Here are my ladies are doing shots like the classy broads they are.


Upon reflection, this is both true and not true. On one hand, does anyone ever live up to those expectations you set for yourself when you're 16? Married by 21, and a successful career/house/kids/dog by 23? I surely didn't, and I'm not sure I'm ready for marriage/kids/dog for at least a couple of years. When five couples of your friends get engaged in the past six months, this is something you need to be clear on. There's something in the air, 2012, and it's confetti-filled.


On the other hand, I feel perfectly poised on the crest of the 25 hill. When I look back at my life as it's gone, it's been awesome full! By 25, I have travelled, I have finished my bachelor's degree (and started a postgrad), I have begun a career, I have grown with my friends, learned new things, participated creatively and socially, seen the world, seen my world grow! On the other side of the hill (is that an upward or downward slope? I'm not sure) there is still a whole lot of excitement, milestones, adventure. At 25, I'm viewing it with a set of eyes that are more mature and (dare I say) ready for all of that wherever it may come.

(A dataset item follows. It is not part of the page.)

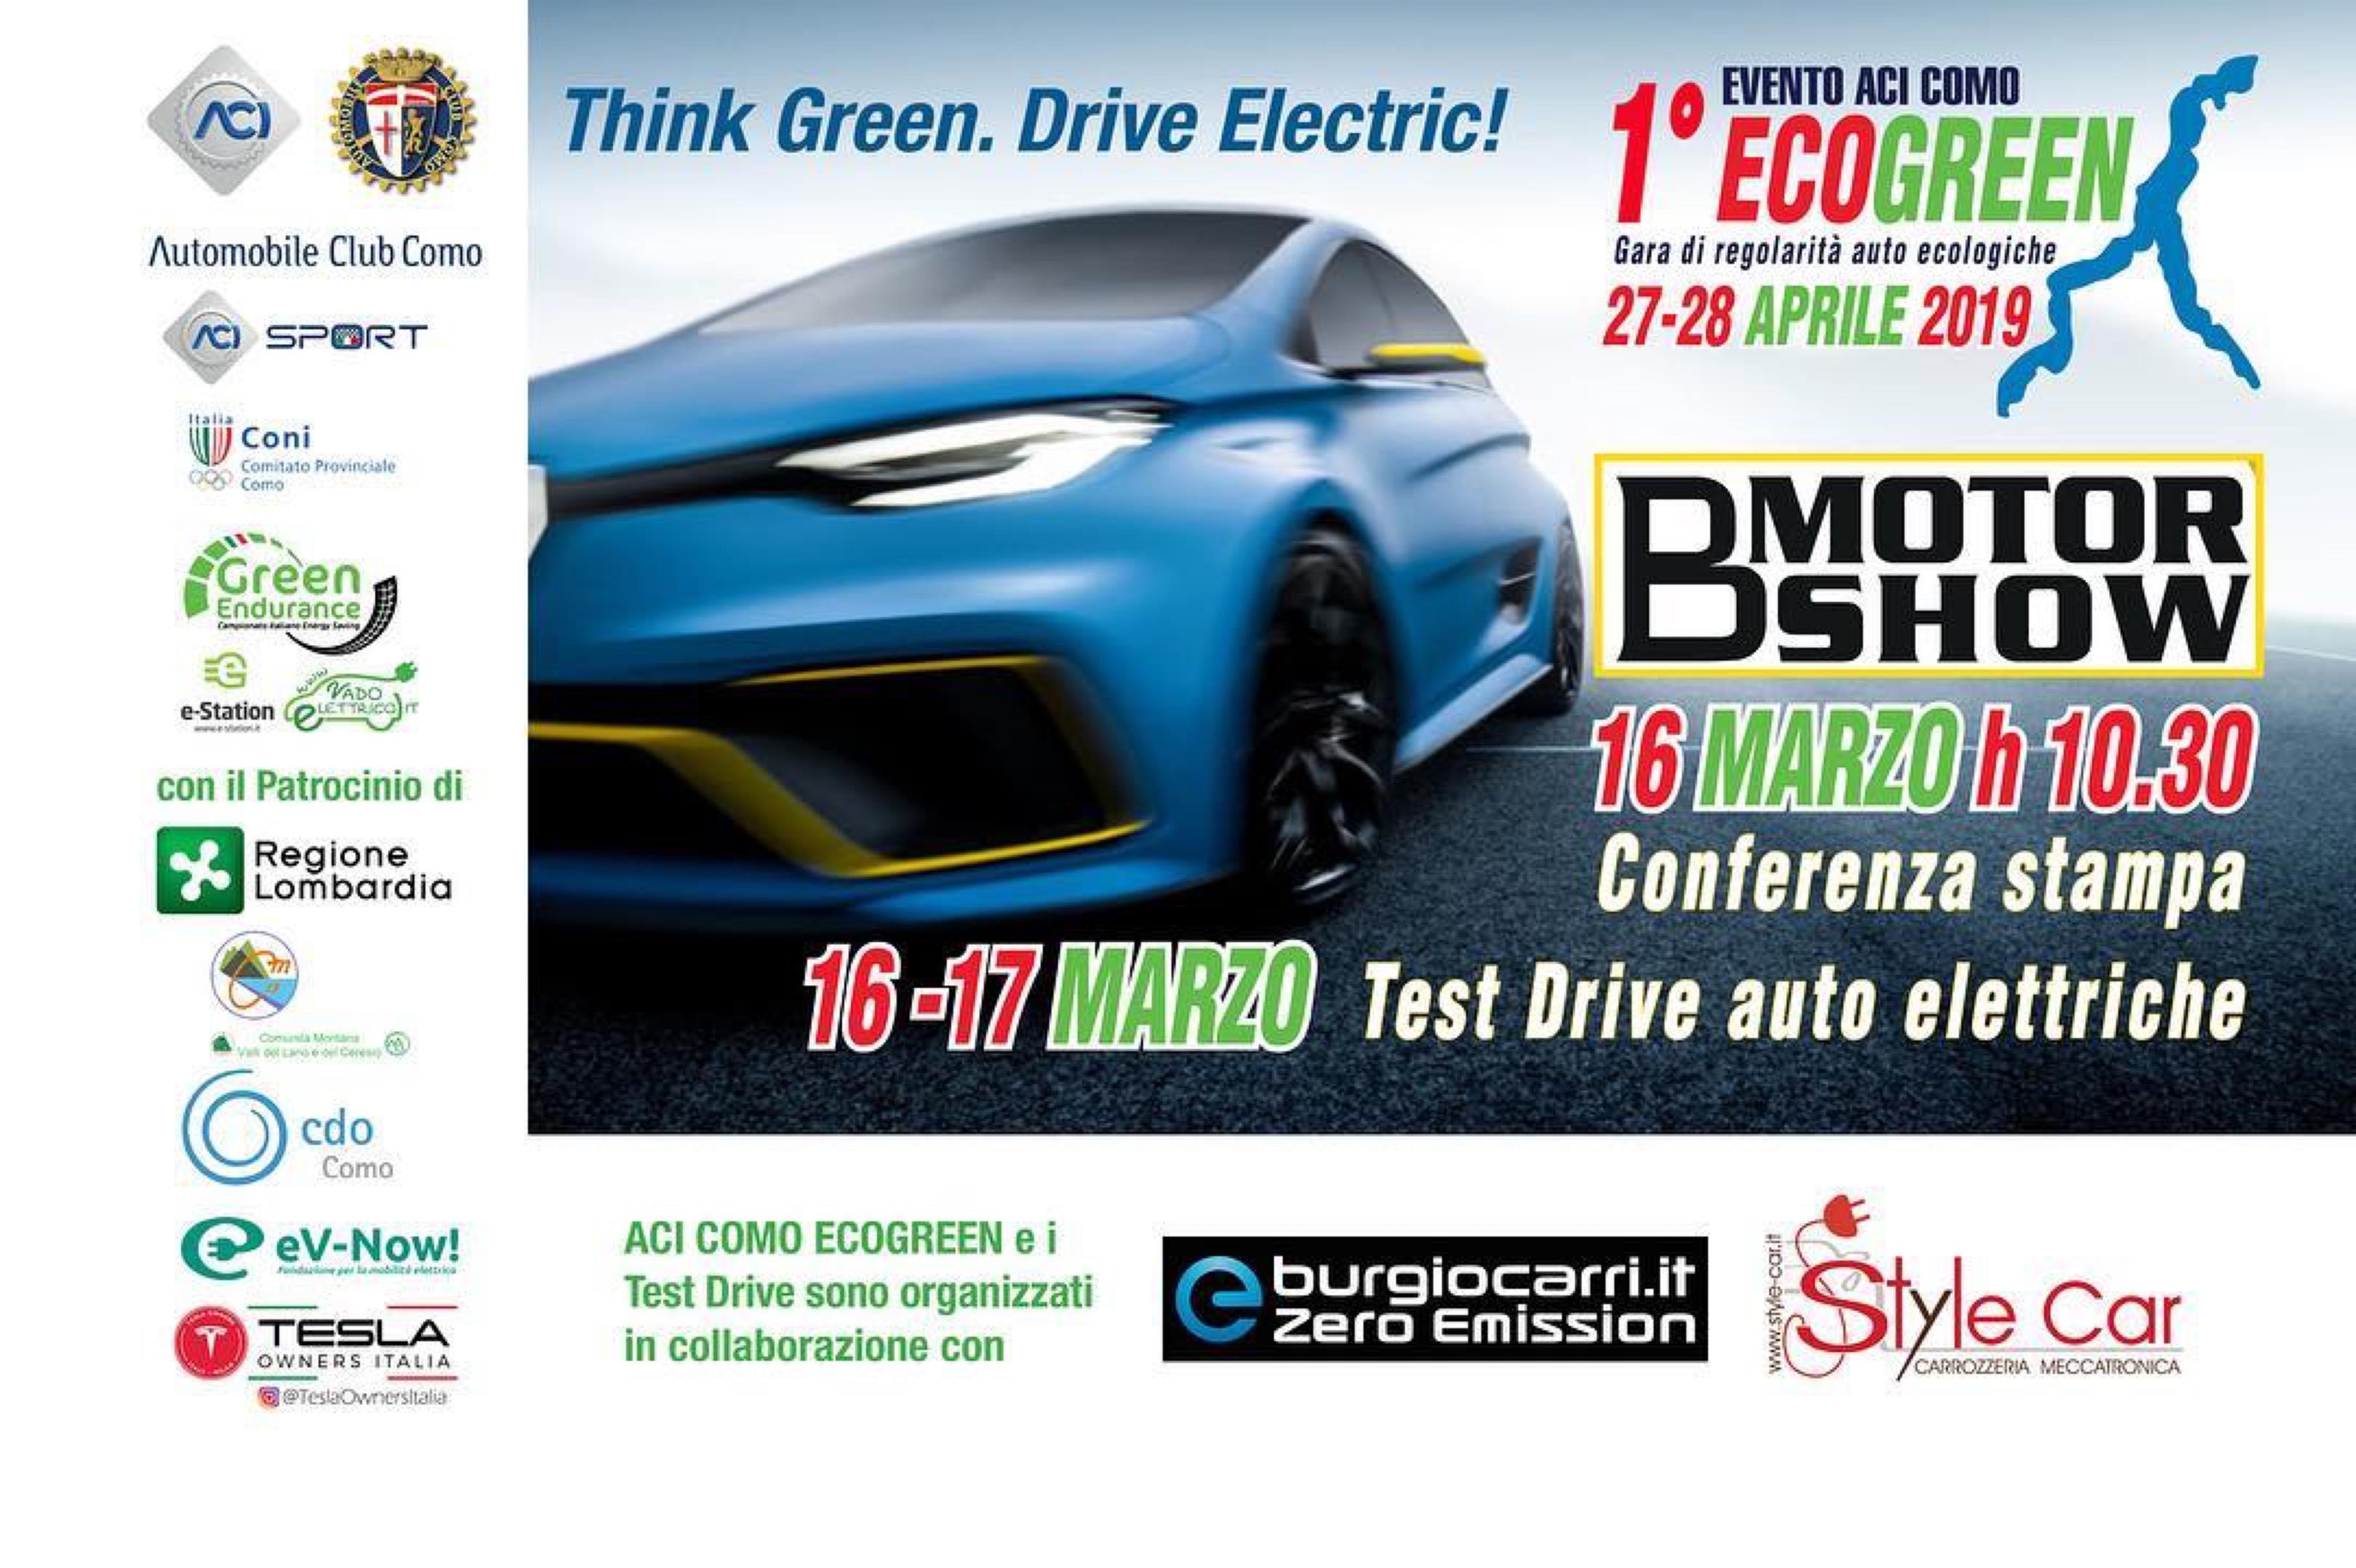 ECOGREEN: Tesla Owners Italia in linea di partenza del Rally

Here's to 25, and living life at your own pace.

Friday, August 10, 2012

on blogging


Blogging. It's an idea that's been floating around in my mind for a while. I read a lot of blogs, they're the modern sitcom stories of our day, in a way. Mostly, I want to record this life I'm living. Take more photos, focus more on the positives, make my story a little bit more significant and real (to myself only) by documenting it.

What will that look like? I don't know! Hopefully it will be full of experiences, friends, family, and love. Sunshine, sparkles, and adventures. Probably some hard stuff too, but that's a part of life that has to come. Just a story about what it means to be 25 and living life in Australia, eating snacks, taking on too many projects, traveling the world, and lovin' on my boyf.

So I'm giving this a shot. Let's see how it goes!